Open PabloMessina opened 1 year ago

PabloMessina commented 1 year ago

Hi,

I have a few questions about the report generation results reported in the paper (https://arxiv.org/ftp/arxiv/papers/2208/2208.05140.pdf), which can be found in Table 2. Specifically regarding the clinical evaluation (using the CheXpert labeler).

  1. Are these micro average or macro average results? If micro, do you have the macro average results as well?
  2. MedViLL obtained 71.1 (0.5), 58.0 (0.7), 53.3 (0.9) in accuracy, precision and recall respectively. However, in Table 5 of MedViLL's paper (https://arxiv.org/pdf/2105.11333.pdf) they report 84.1, 69.8, 55.9, 62.1 in accuracy, precision, recall and f1-score respectively. Do you know what may be the explanation for the difference in the results?

Thank you very much.

sangjoon-park commented 1 year ago

Thank you for your interest in our work.

  1. The reported results are the micro average results.

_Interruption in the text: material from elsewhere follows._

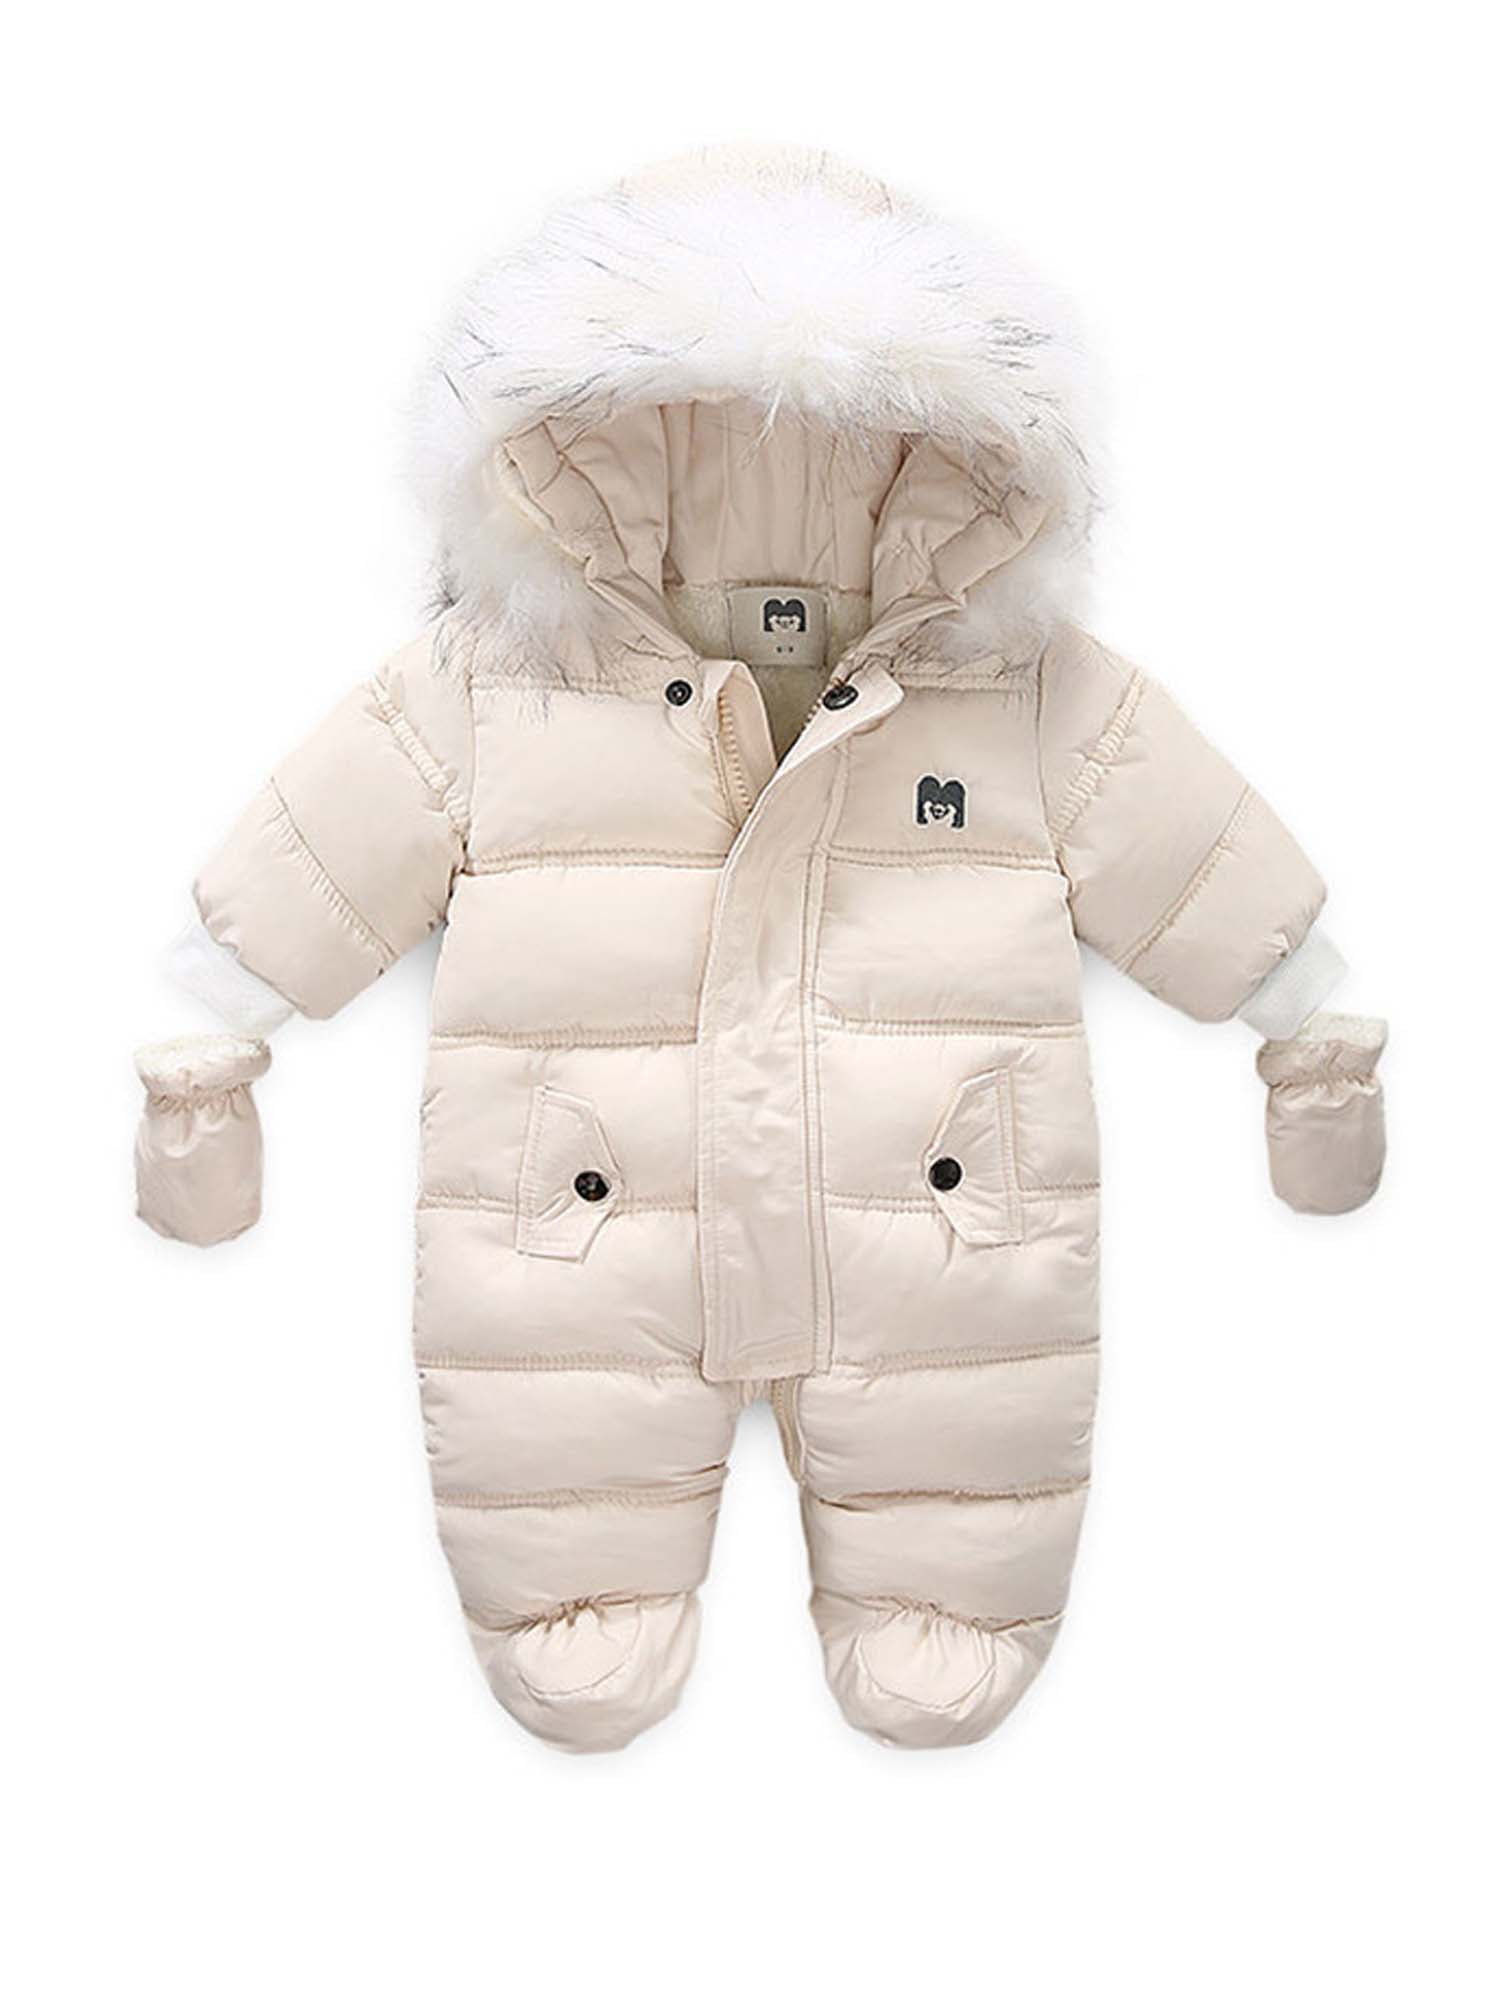 VIENNAR Newborn Baby Boys Girls Deer Outfits Infant Warm Thick Fleece Hooded Snowsuit Romper Jumpsuit
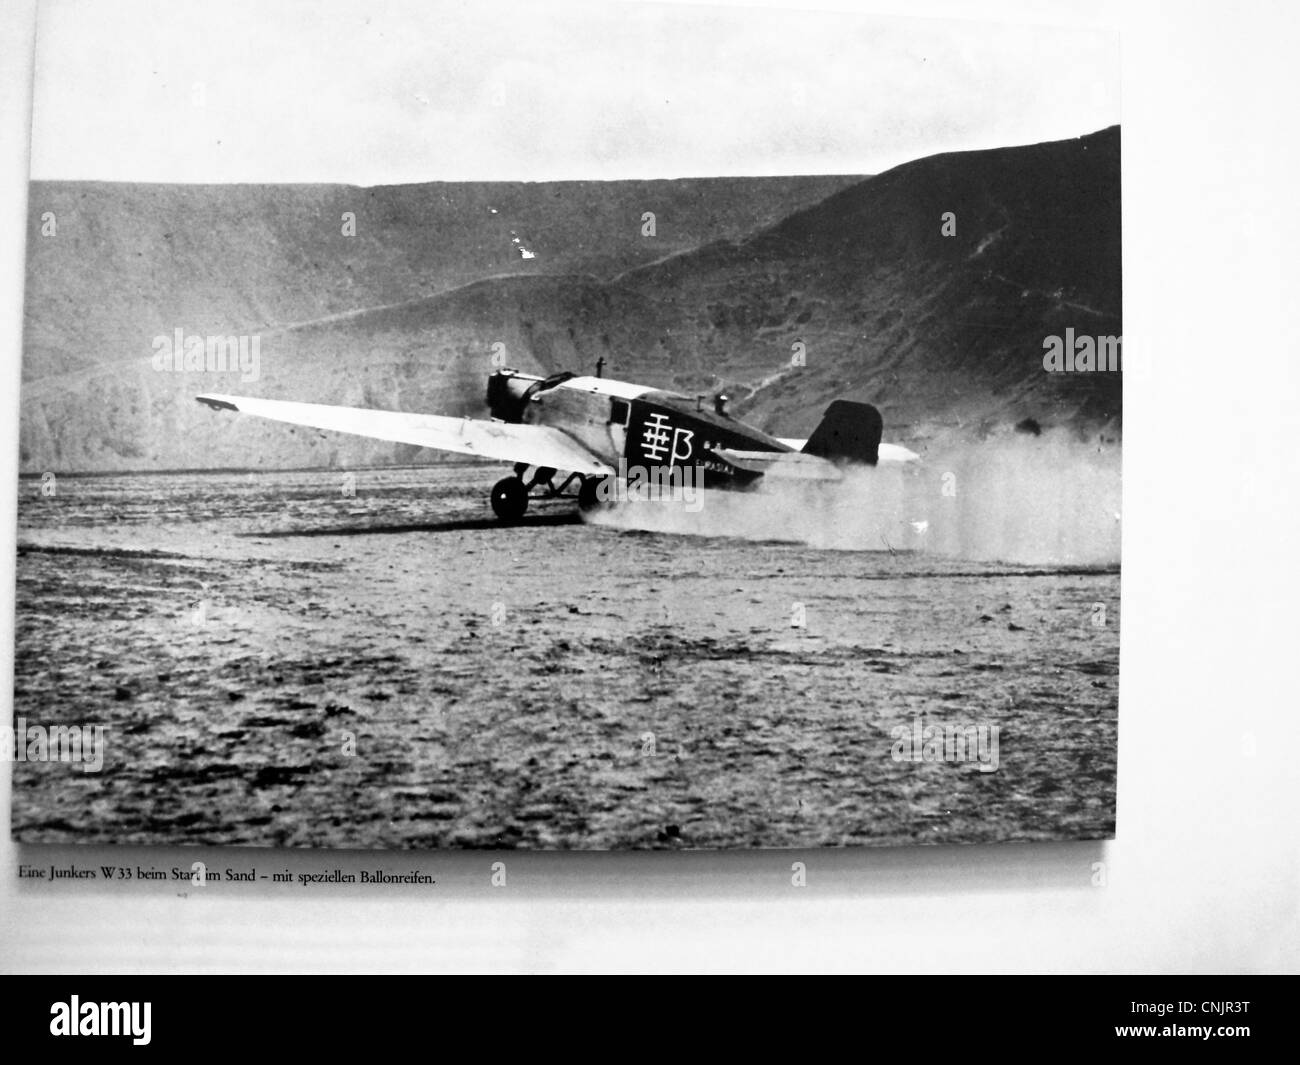 1930 Eurasian Aviation Corporation Foto Stock

If you want to see the macro average results, I'll calculate them and let you know.
  2. If you look at the GitHub of MedViLL, only the vision-language pre-trained weights are provided, and therefore the downstream model should be fine-tuned from these VLP weights. We have fine-tuned the MedViLL generation model with the default hyperparameter they provided and got the similar level of results they reported in their paper (e.g. 84.1, 69.8, 55.9, 62.1). However, on reviewing the code, we have found that in the inference code for the generation of MedViLL, the "ground truths (label)" of the previous words are provided for language modeling (next word prediction) during the inference, instead of the previously "generated words" before the target for prediction. As we think that the generation should be started only from the [BOS] token and giving the "generated results" of previous words is proper, we have changed the generation code of MedViLL to meet this greedy decoding strategy. With this implementation, performances were 73.7 (0.4), 62.3, (0.5), and 57.4 (0.8), as we reported in our paper.
PabloMessina commented 1 year ago

Thank you for your very prompt reply.

  1. Yes, please. I think having the macro average results, or actually the results per each of the 14 CheXpert labels, can provide a more thorough understanding of the strengths and weaknesses of the model. These results are being calculated with the test set of MIMIC-CXR, correct?
  2. Oh, I see. I didn't know they were doing that. I agree that's kind of "cheating". I originally thought MedViLL was a very powerful method given the very high metrics they reported (compared to other works), but using ground-truth tokens during inference instead of normal greedy decoding certainly will boost performance and make the model look better than it actually is when no ground truth is available. Did you talk to MedViLL's authors about this?
sangjoon-park commented 1 year ago

I have just checked the MedViLL code again, and found that they have updated the code recently. Therefore, I'm not sure the ground truth tokens are still referred during the generation in current version. I'll check it, and if not in the current code, I think we should update the MedViLL results in our paper and our results, if needed, evaluated in fair situation.

Thank you for letting me know.

PabloMessina commented 1 year ago

Perfect, I look forward to your updated results. Thank you very much.